Posted: 16th May 2019 by Cheap in Fiction, Film, Technology, Television
  • I just realized that I can’t remember the last time I saw a film in a theater that wasn’t a superhero film, a Star Wars/Trek film, a James Bond film, or a Harry Potter film.  Maybe it was “Ready Player One”.  I decry all the superhero films and sequalism, and the audiences who won’t risk watching anything new, but it looks like I’m contributing to the problem.  Then again, I hardly ever encounter any marketing for other films.
  • Looking for a reason to keep my CBS All Access membership now that season 2 of Star Trek: Discovery has finished, I watched the first two episodes of Instinct.  They never used the words “consulting detective”, but it is clearly intended to be a knock-off of Elementary.  I wasn’t impressed, and the writing is the problem.  They try to fit too much into a single episode.  The character arc of one episode would take Elementary a half or even a whole season to savor.  Also, Alan Cumming’s character is very lighthearted, nearly a clown (to a large extent, that is Alan Cumming).  He plays across from Bojana Novakovic, whose character barely has any personality by comparison.  It all comes together to make Instinct feel like it has no depth.  A cheap cardboard cut-out of Elementary.

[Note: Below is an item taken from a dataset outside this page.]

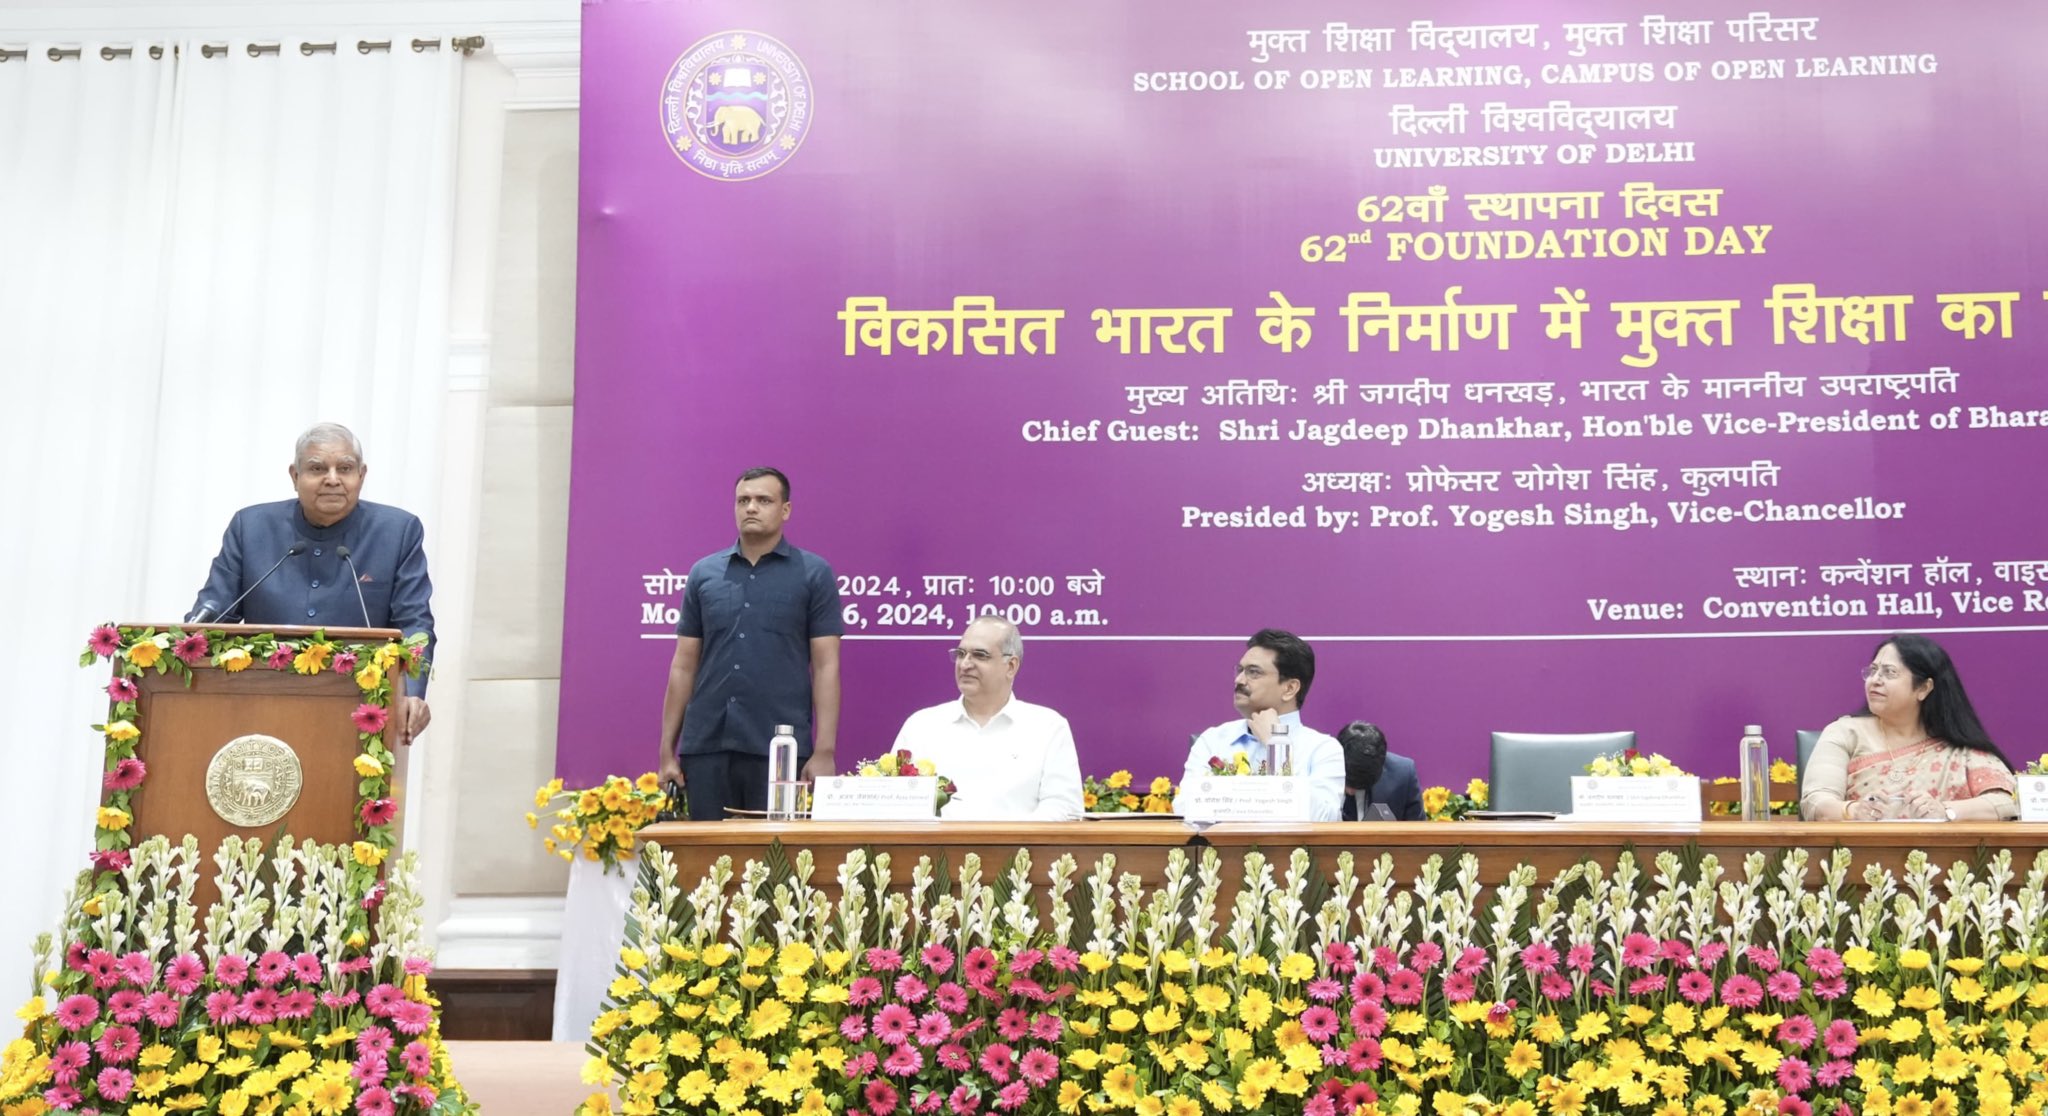 The Vice-President, Shri Jagdeep Dhankhar addressing the students and faculty members of School of Open Learning at University of Delhi in Delhi on May 6, 2024.

  • Speaking of Elementary, CBS claims they are about to air season 7, yet it appears that season 6 was never made available on CBS All Access.  Perhaps “CBS Some Access” would be a better name for their streaming service.  Season 6 is available on Hulu, so I watched it there.  I have cancelled CBS All Access, until another season of Discovery comes out.
  • I read Gingerbread.  Substantial portions of it are written in the present tense, which generally irritates me.  Relating a story as if it has happened should be done in the past tense.  The only form of fiction that present tense is good for is netsex.  This is the third book written this way that my SFF book club has sprung on me.  Carefully looking ahead, two of the next three books are that way, also.  I have decided to boycott them.  I pushed through Gingerbread, but now I’m done putting up with this.  Is this a new trend in publishing?  Or are the people running the book club following some bias that leads them to these?  (They’ve also been picking many books that are speculative fiction, but aren’t SFF — like this one.)  I almost didn’t go to the book club meeting for this book, because I didn’t think I wanted to talk about it, but it turned out to be a pretty good discussion, so I’m glad I went.

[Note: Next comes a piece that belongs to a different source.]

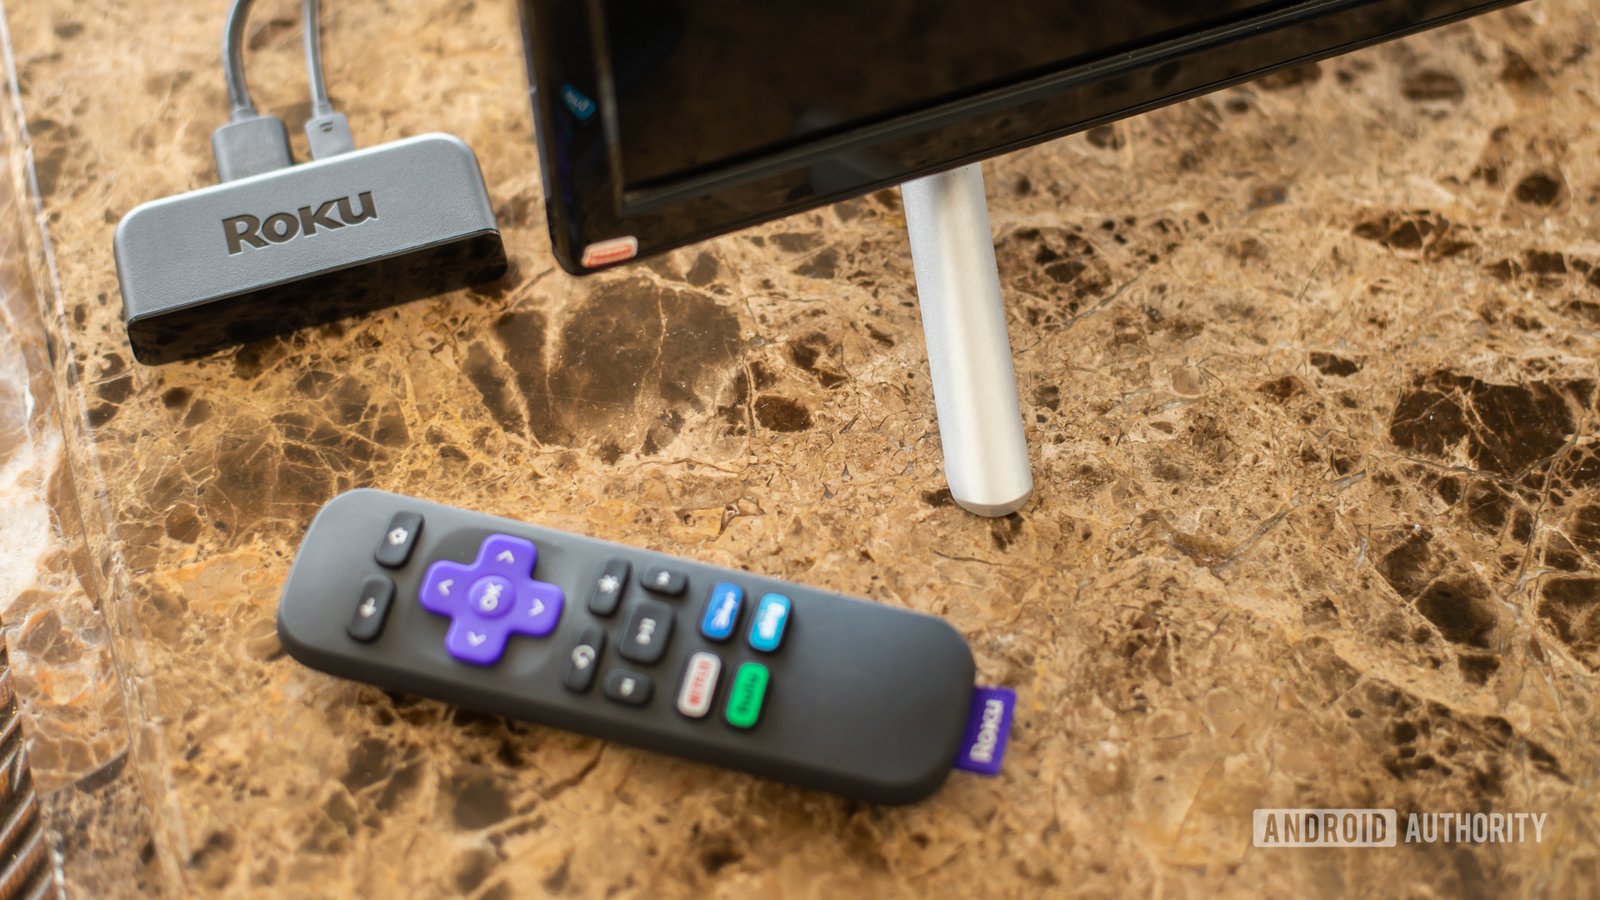 Roku angers users by disabling TVs until they consent to new terms

  • I shaved my head.  I had been planning to for decades.  My father’s bald spot finally caught up with me.  Of all the places to lose your hair, that spot at the back of your head is the only one that seems ugly and degrading to me (probably because that’s where my father lost his hair).  I told myself I wasn’t going to do vain things like a toupee or even surgical hair replacement.  Instead, I’ve always planned to shave my head when it came time.  Well, it came time.  I was a little worried that I would have an oddly shaped head, in which case I would be disappointed by the result, but that did not turn out to be.  My scalp is quite pale now where I used to have hair — but not where my bald spot was.  I’m still trying to get the hang of shaving my head.

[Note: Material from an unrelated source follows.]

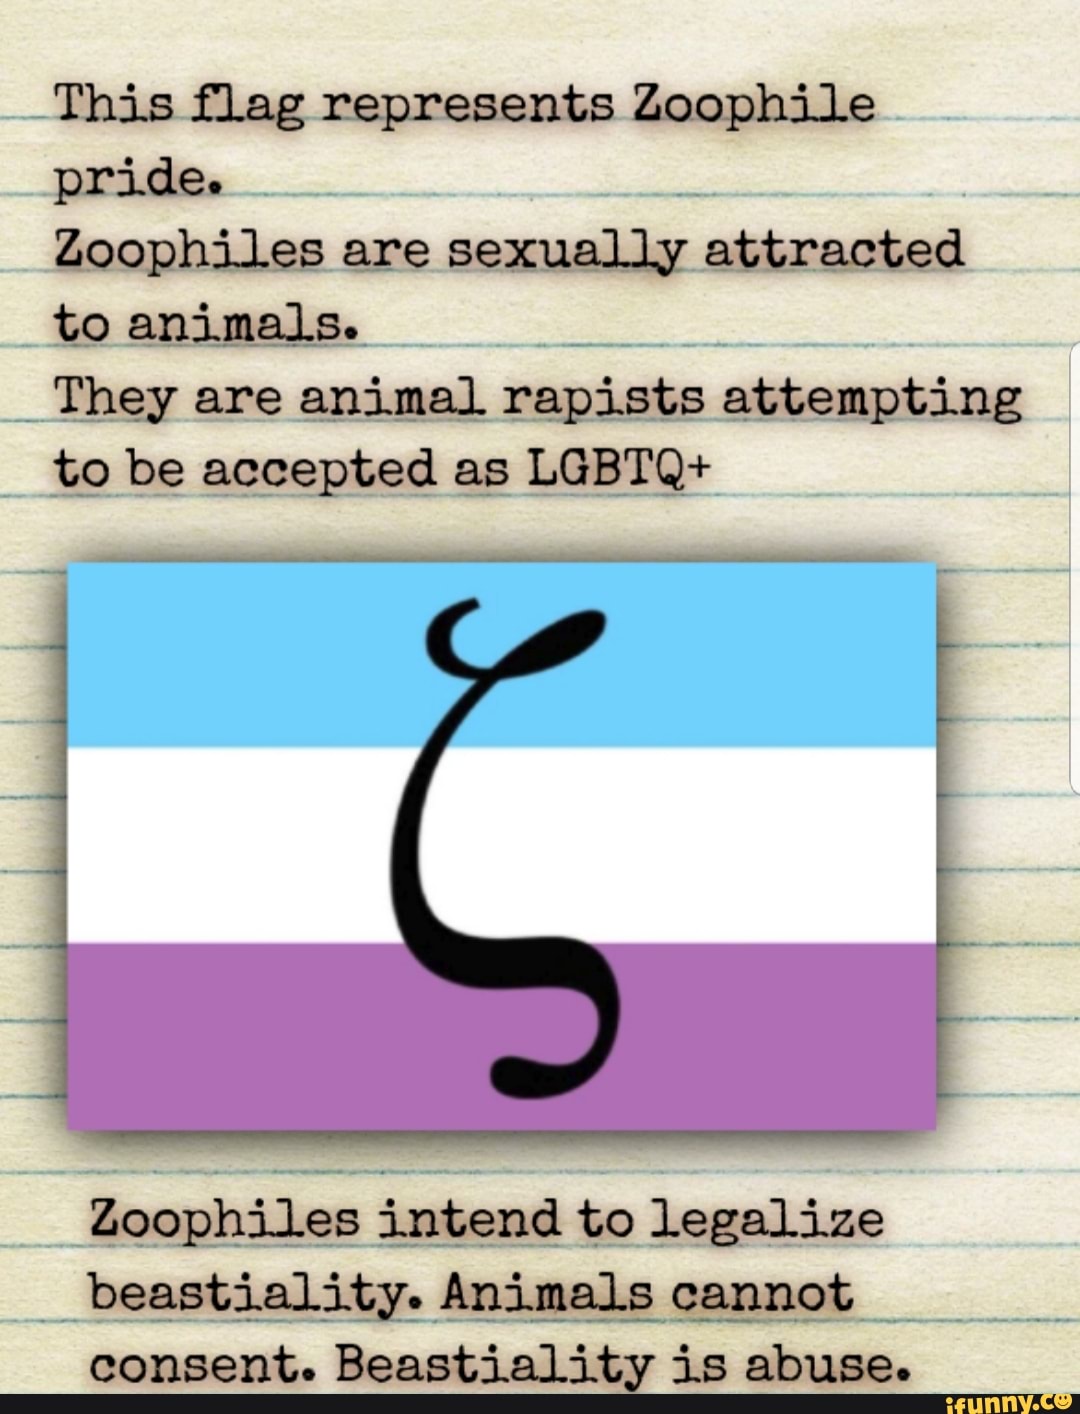 This flag represents Zoophile Zoophiles are sexually attracted They are  animal mandato ata pempting I to

  • The monitor I have connected to my work laptop died.  (At a highly inconvenient moment, but when is that sort of thing ever convenient?)  It was an el cheapo Acer monitor that was at least six years old, so not terribly tragic.  I looked on Micro Center’s web site for the cheapest thing, which turned out to be another Acer monitor for $75, and then I went to go get it.  Luckily, they had a demo unit hooked up, because wow was it awful, mainly because it was super washed out, with the blacks nothing like black at all.  I’m not using this monitor for photos or anything, just the usual office plus system administration type tasks, but it was so bad that I knew it would grate on my nerves every time I looked at it.  I started looking at the other inexpensive monitors in the story, and I ended buying a $100 LG monitor that is actually quite good.  Evidently, IPS has become completely affordable.  It looks much nicer than the one I had before, and I don’t mind paying a little extra, because I’ll be looking at this display for several hours each day.